Outra rede que está perto de ter a repactuação concluída é a do Rio Grande do Sul. Quando o convênio foi celebrado, em 2011, havia a previsão de 160 pontos de cultura. Até hoje, apenas 82 receberam recursos. A Secretaria de Cidadania e Diversidade Cultural do MinC já concluiu o encontro de contas do convênio e aguarda o retorno de diligências para a conclusão do processo. As redes estaduais da Bahia e do Ceará e a rede municipal de São Paulo serão as próximas no processo de repactuação.

Nova rede paulista

O novo edital da Rede Estadual de Pontos de Cultura de São Paulo – assim como os demais editais feitos após as repactuações – traz um diferencial importante. A premiação é a modalidade de repasse de recursos escolhida. O MinC identificou que um dos grandes entraves ao bom funcionamento do Cultura Viva ao longo do tempo foi a dificuldade dos pontos – muitas vezes coletivos pequenos, sem personalidade jurídica – em fazer a prestação de contas contábil dos repasses, de acordo com as exigências legais relativas à modalidade anteriormente determinada pelo MinC.

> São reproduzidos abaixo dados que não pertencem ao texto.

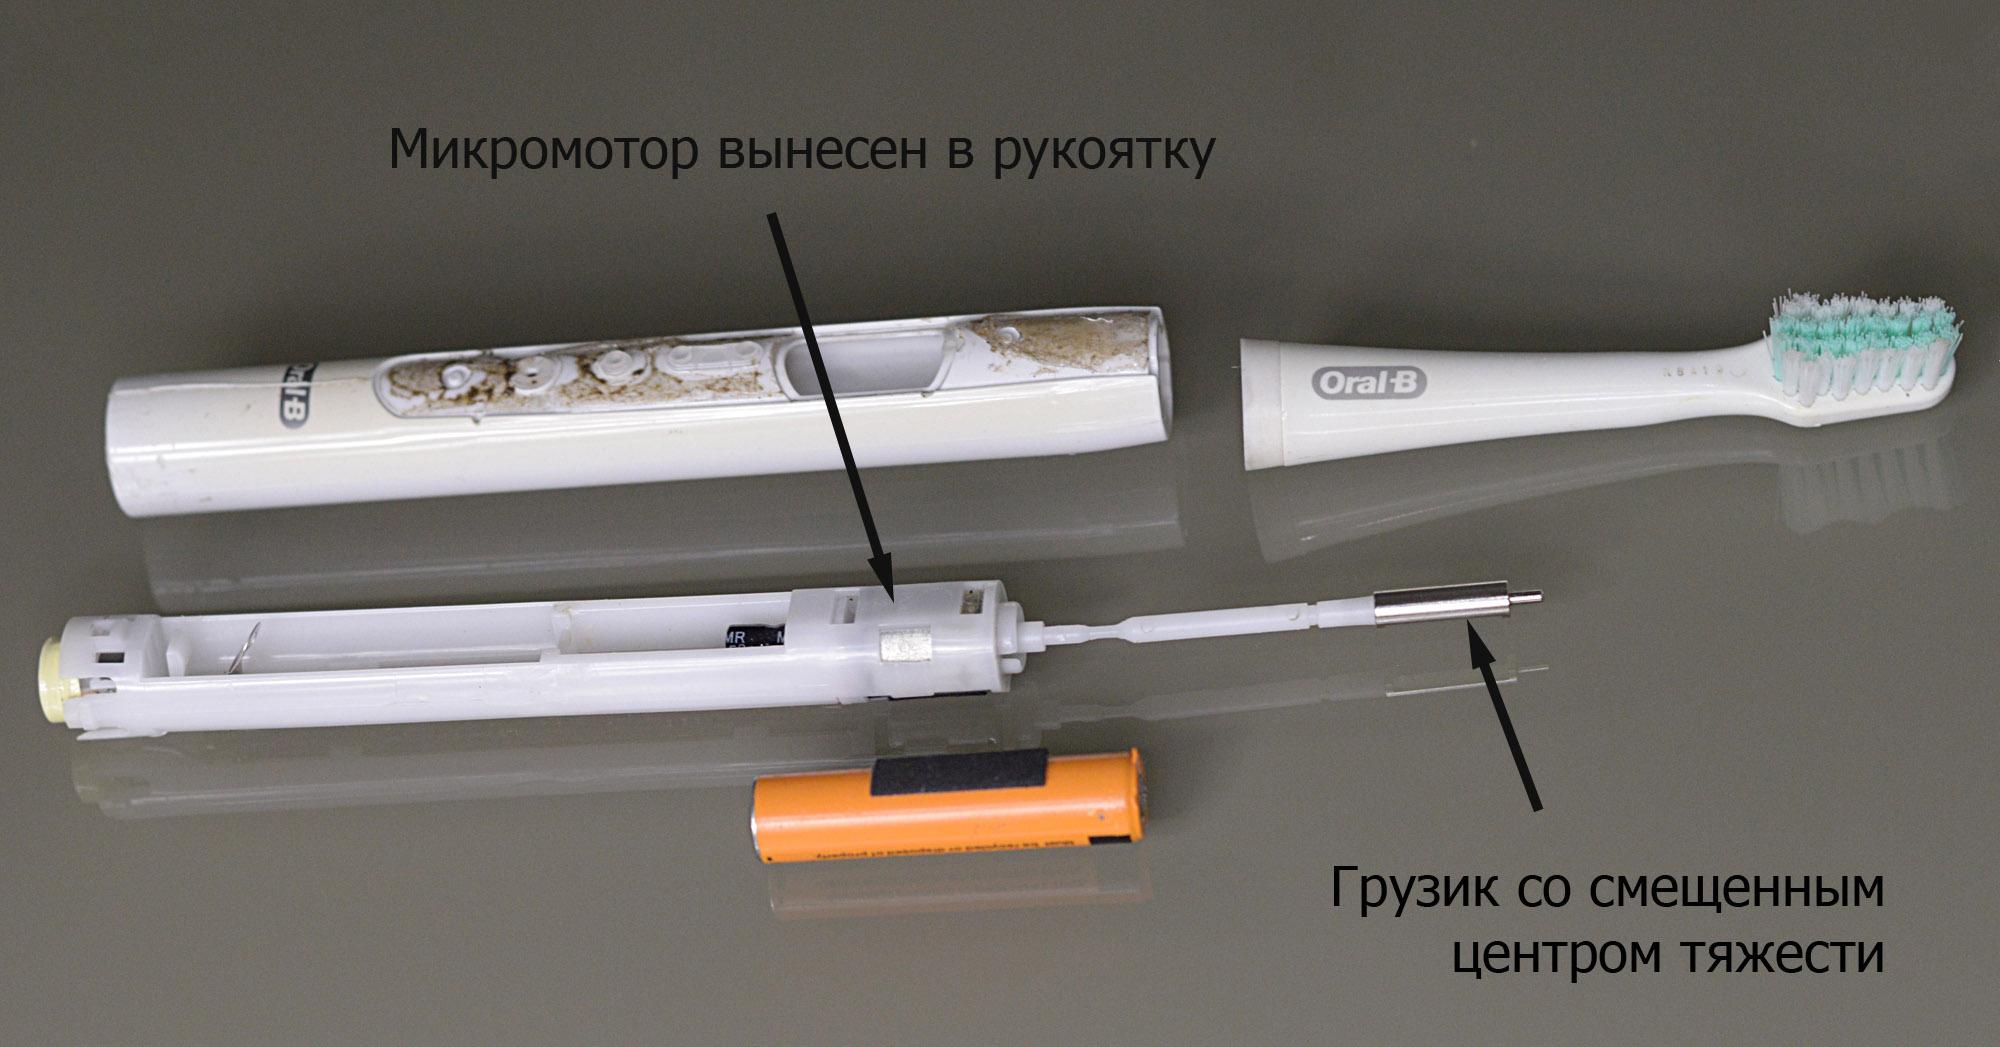 Oral-B Pulsonic в разобранном виде

“O prêmio é uma modalidade prevista em lei muito mais simples do que a anterior e também muito mais adequada ao Cultura Viva, pois privilegia o trabalho efetivamente realizado. Estamos tratando com grupos e entidades que realizam ações culturais de alta relevância, mas que muitas vezes não tem condições de atender às exigências kafkianas que eram feitas anteriormente. O Cultura Viva está sendo desburocratizado e funcionará com mais eficiência”, enfatizou Sá Leitão.

“A iniciativa de retomar os pontos de cultura é um reflexo do trabalho da Secretaria em expandir iniciativas culturais para cada vez mais municípios, fortalecendo a ideia de que a cultura deve falar com todos e contribuir para transformar comunidades”, celebrou José Luiz Penna, secretário da Cultura do Estado.

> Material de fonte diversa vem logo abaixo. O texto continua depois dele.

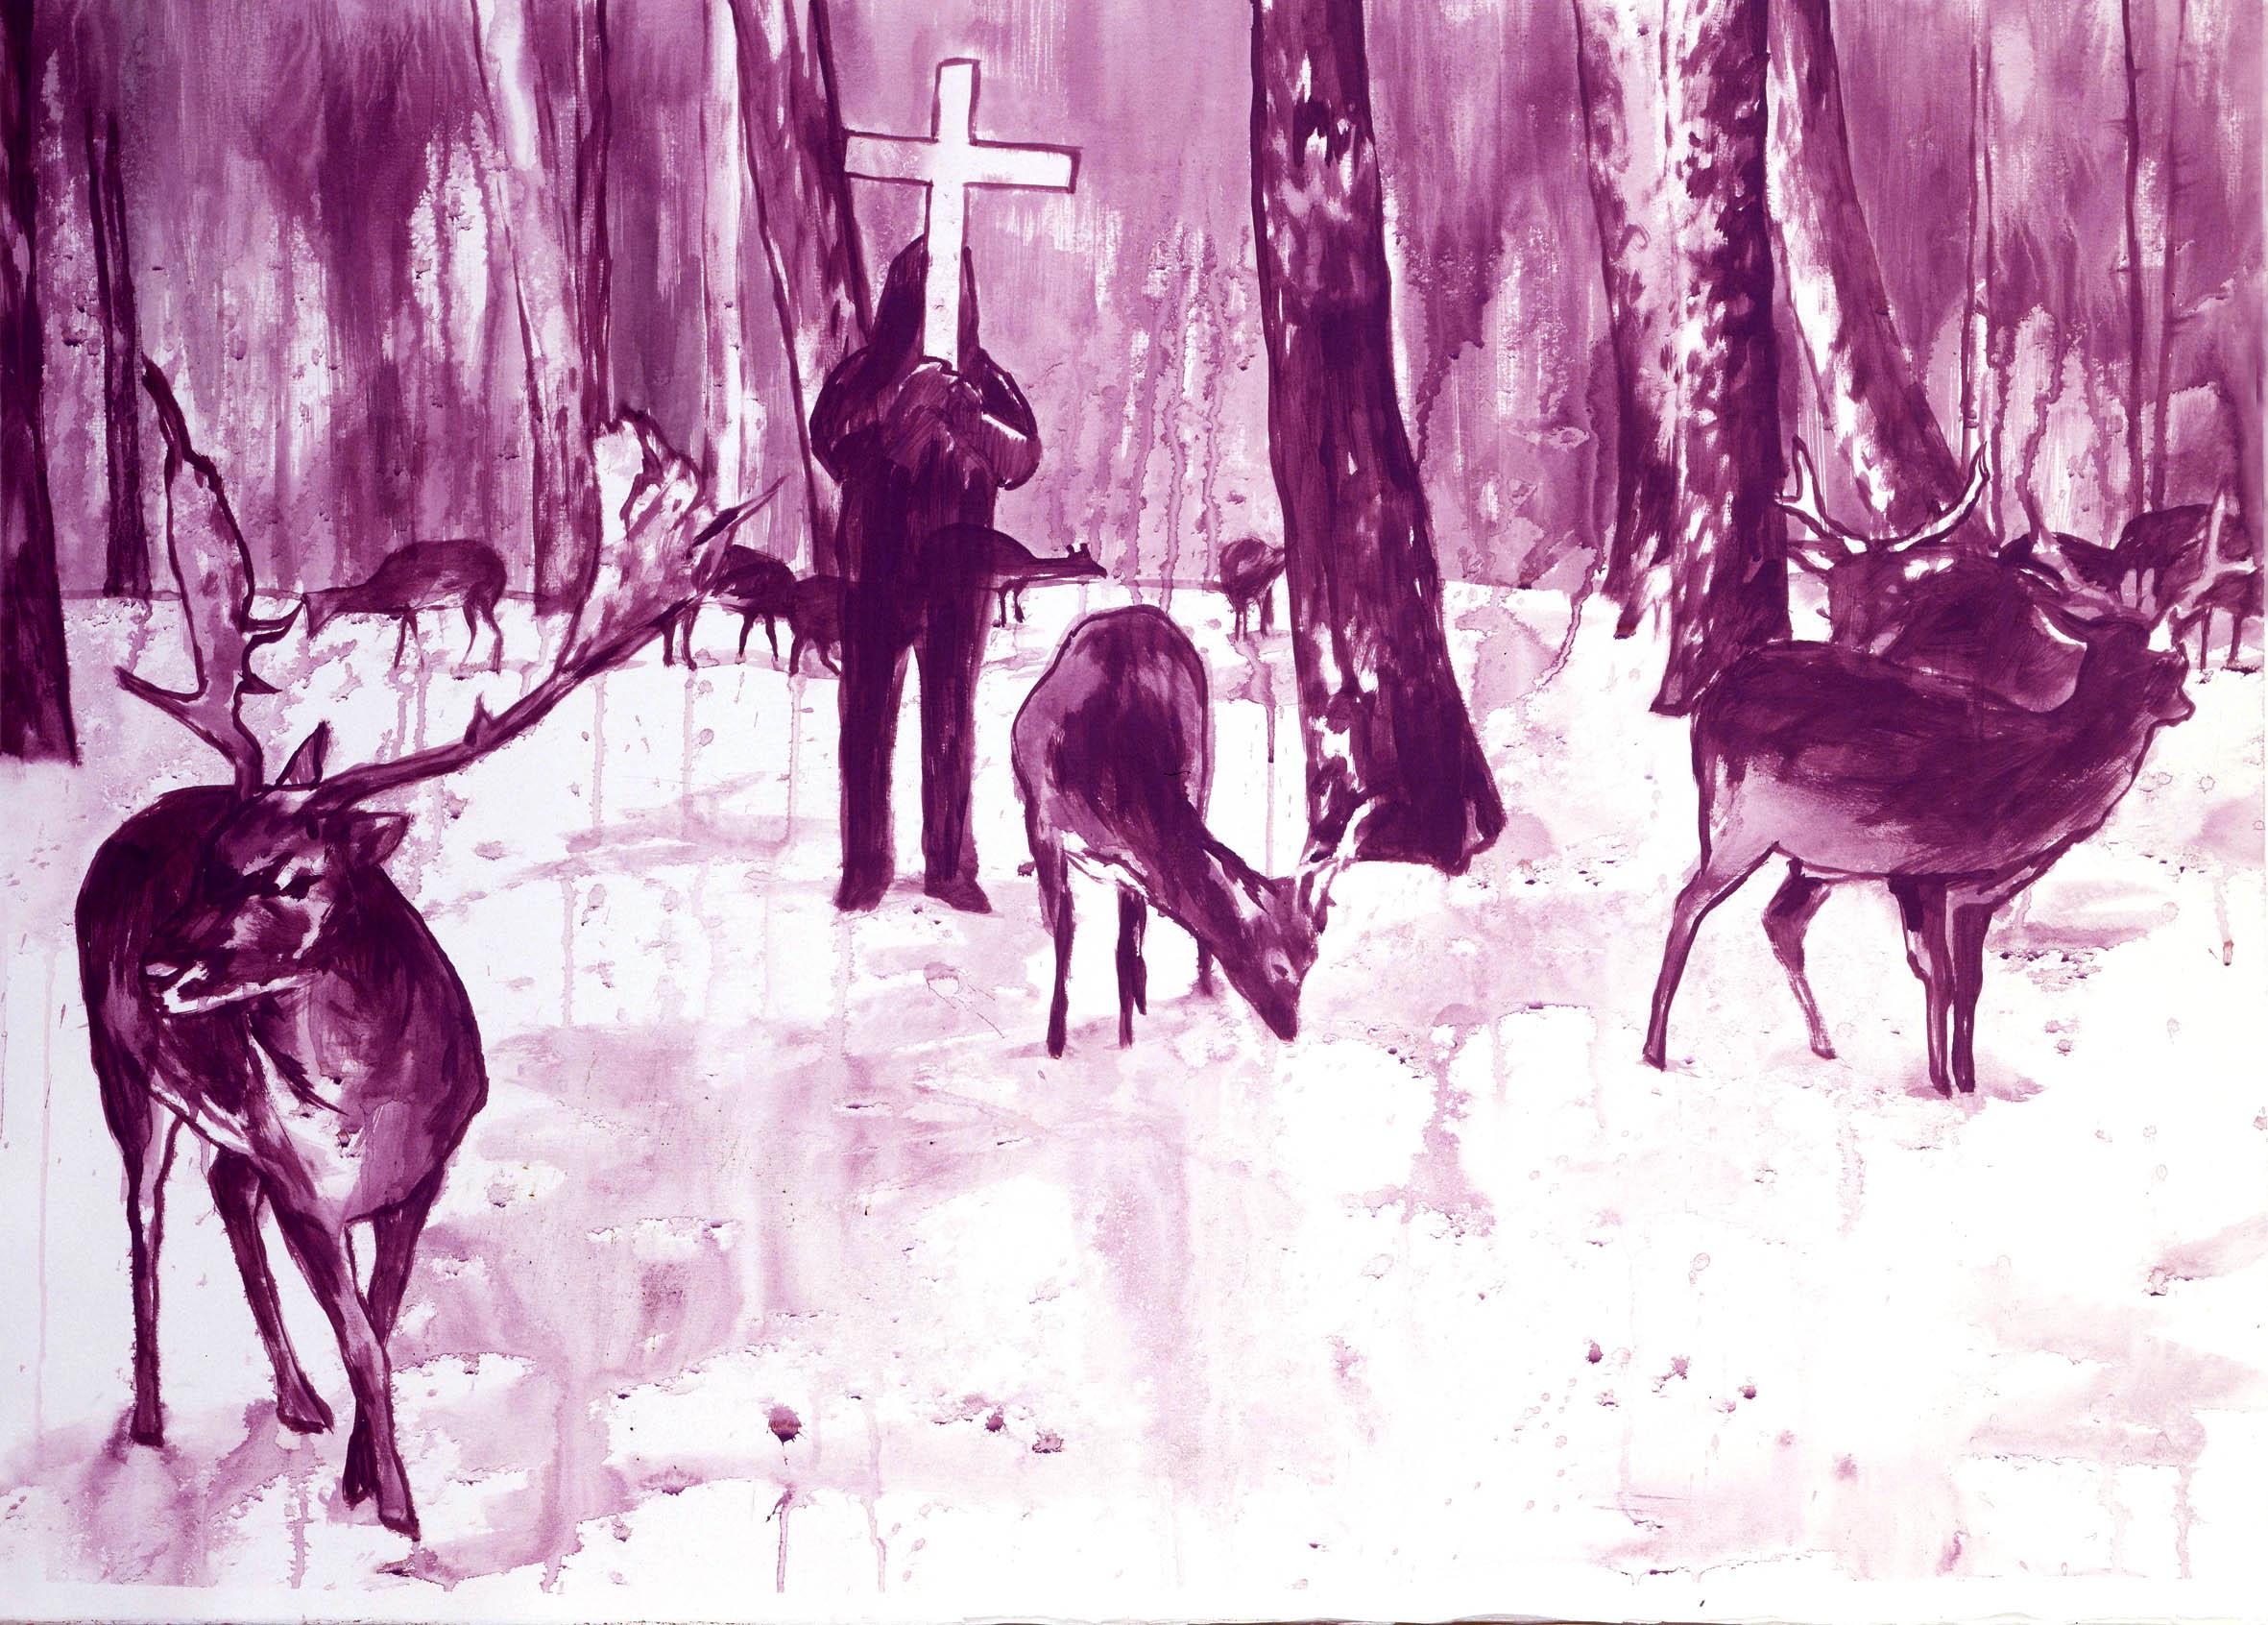 Luigi Presicce, ST, 06, acrilico su carta, 80x 100 cm

Segundo o edital, lançado pela Secretaria da Cultura de São Paulo em parceria com o MinC, as primeiras 144 instituições vão receber R$ 60 mil cada. As demais serão contempladas com um kit cultural de R$ 12 mil cada, que pode ser audiovisual ou musical. As premiações totalizam R$ 13,44 milhões. Os outros R$ 1,56 milhão serão investidos em capacitação, na articulação dos pontos em fóruns e encontros regionais e na promoção das ações previstas no Cultura Viva.

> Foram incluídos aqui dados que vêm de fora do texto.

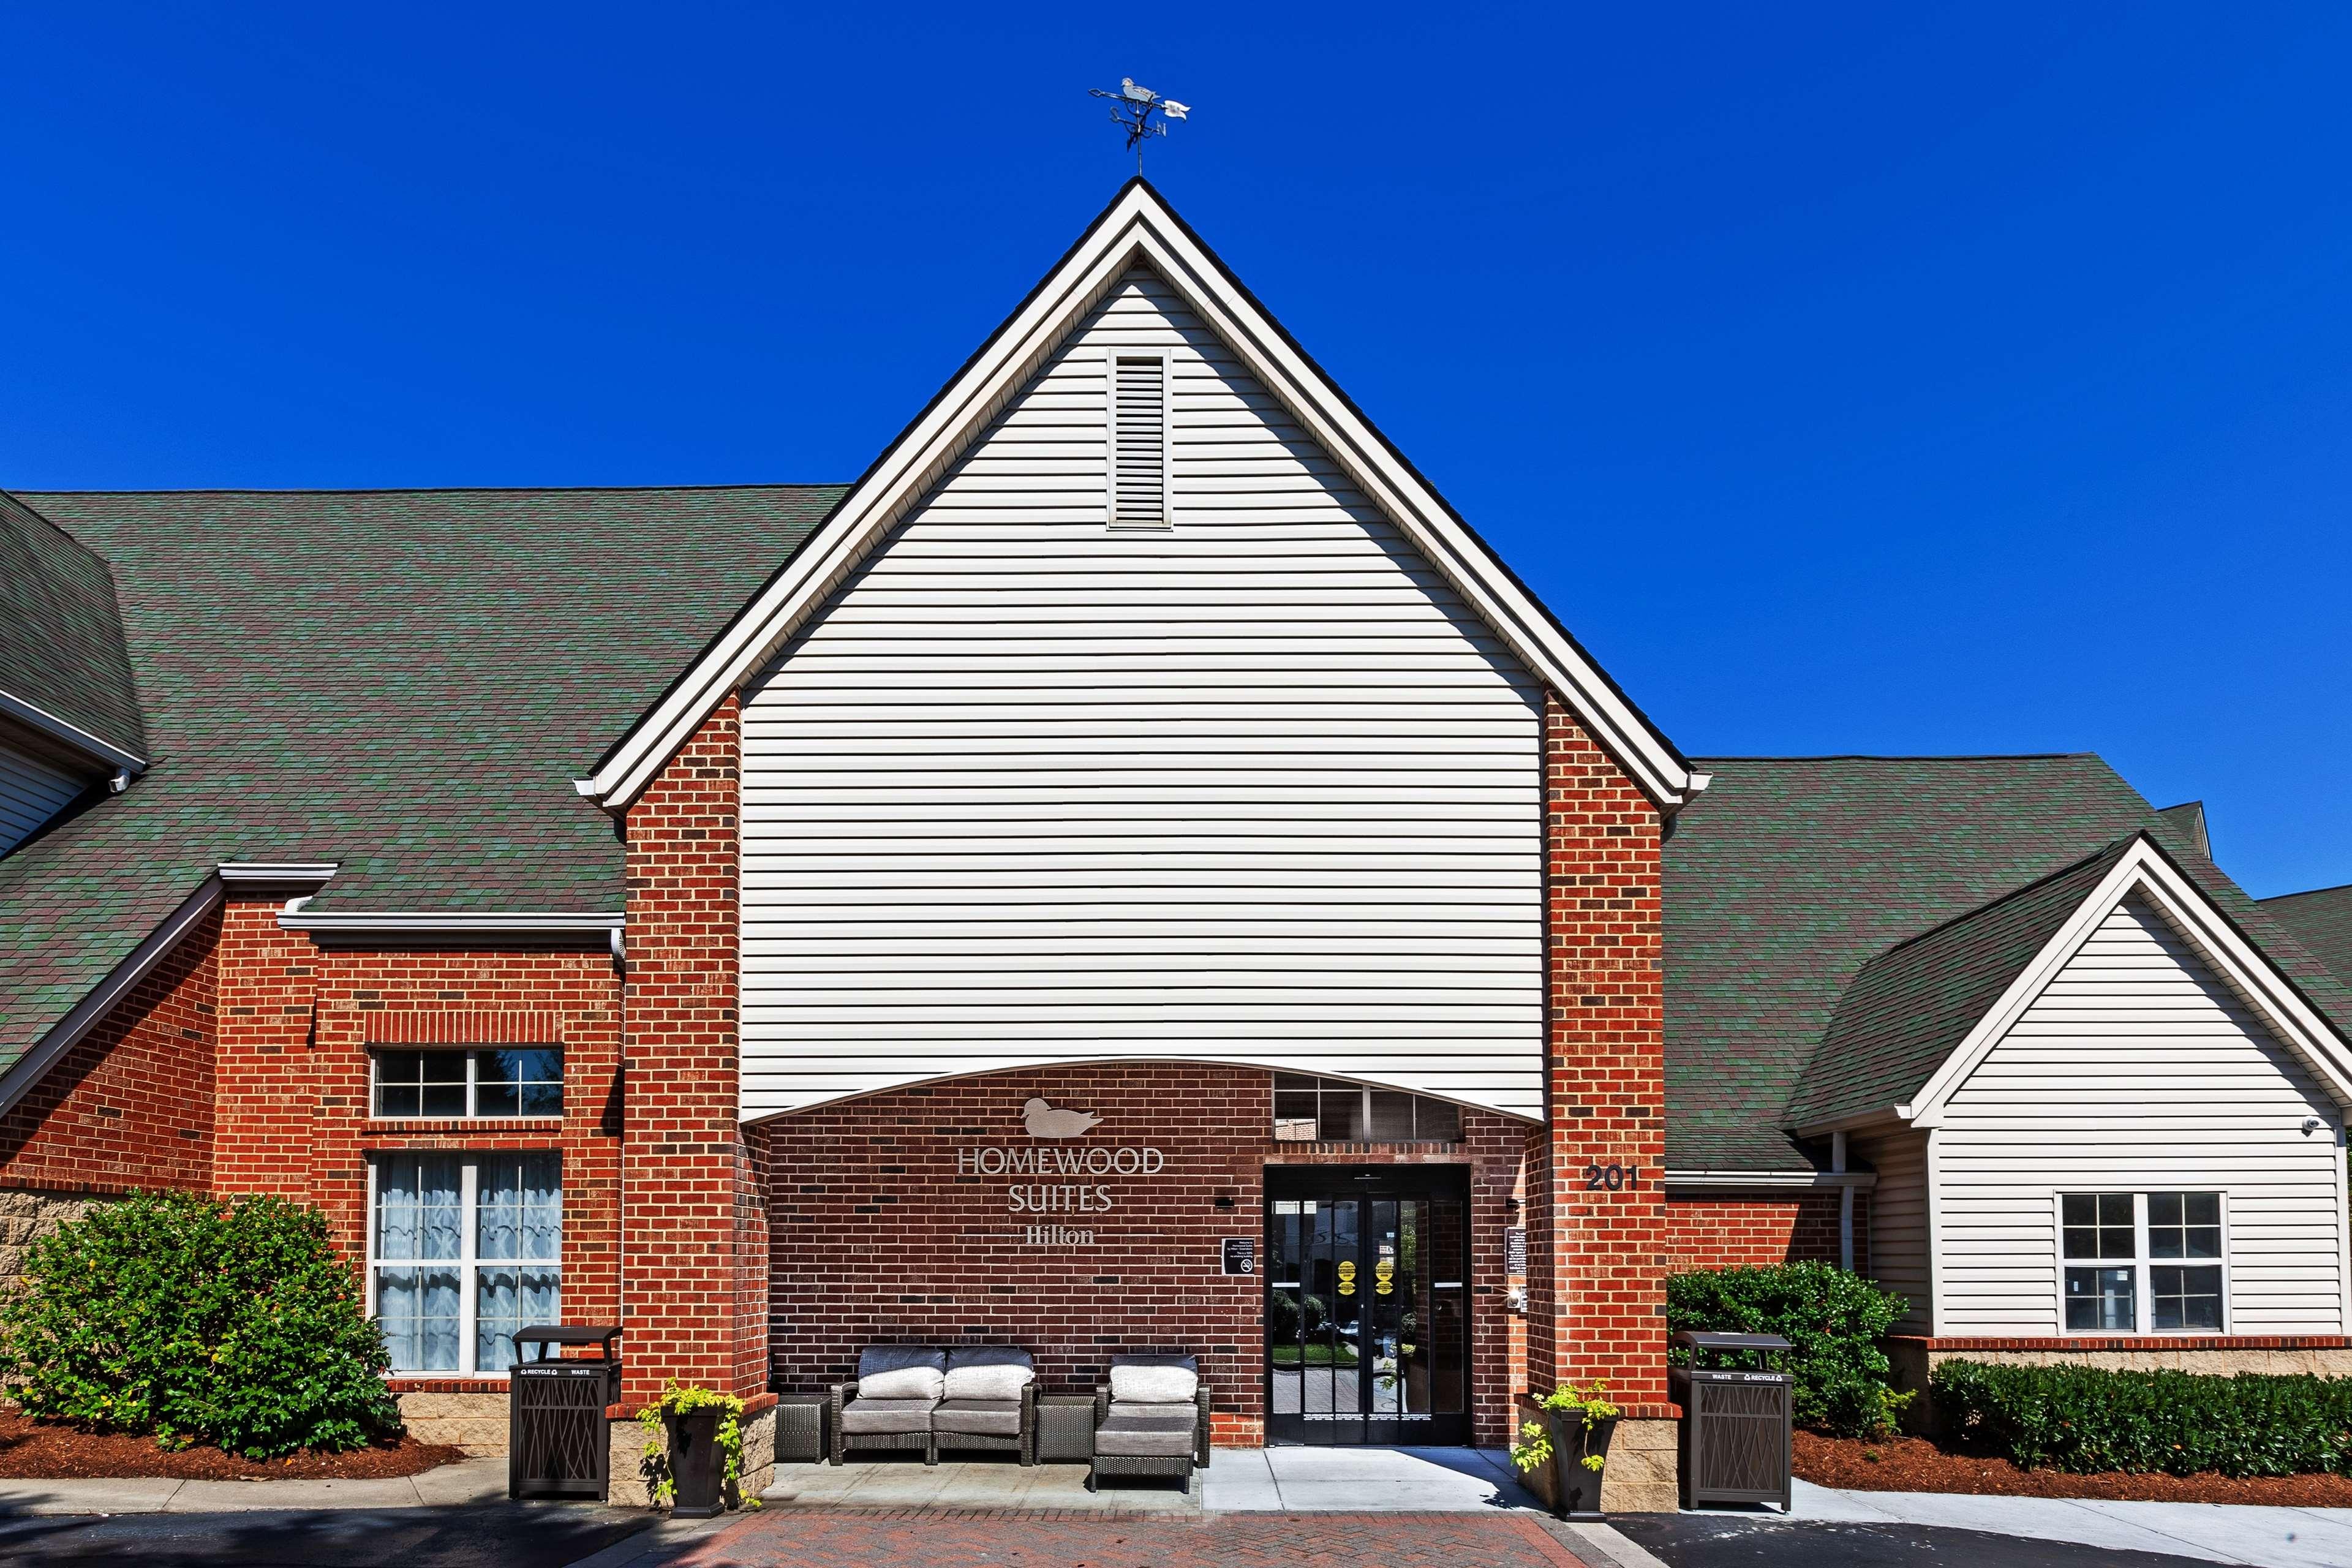 Homewood Suites Hilton Greensboro Centreport Hotels Amp Motels Mapquest

Política Nacional de Cultura Viva

O programa Cultura Viva – denominado Política Nacional de Cultura Viva (PNCV) a partir da Lei 13.018/2014 – foi criado em 2004 para ampliar o acesso aos meios de produção, circulação e fruição cultural no País. Ele é gerido pelo MinC em parceria com governos estaduais, municipais e outras instituições, como escolas e universidades. Abrange diferentes linguagens e expressões artísticas e culturais. É um dos programas do MinC que visa promover o desenvolvimento da economia criativa no País. Há hoje 3.364 pontos de cultura, sendo 2.133 em redes estaduais e municipais, 725 conveniados pelo próprio Ministério, 99 indígenas e 407 certificados por meio da plataforma digital do Cultura Viva.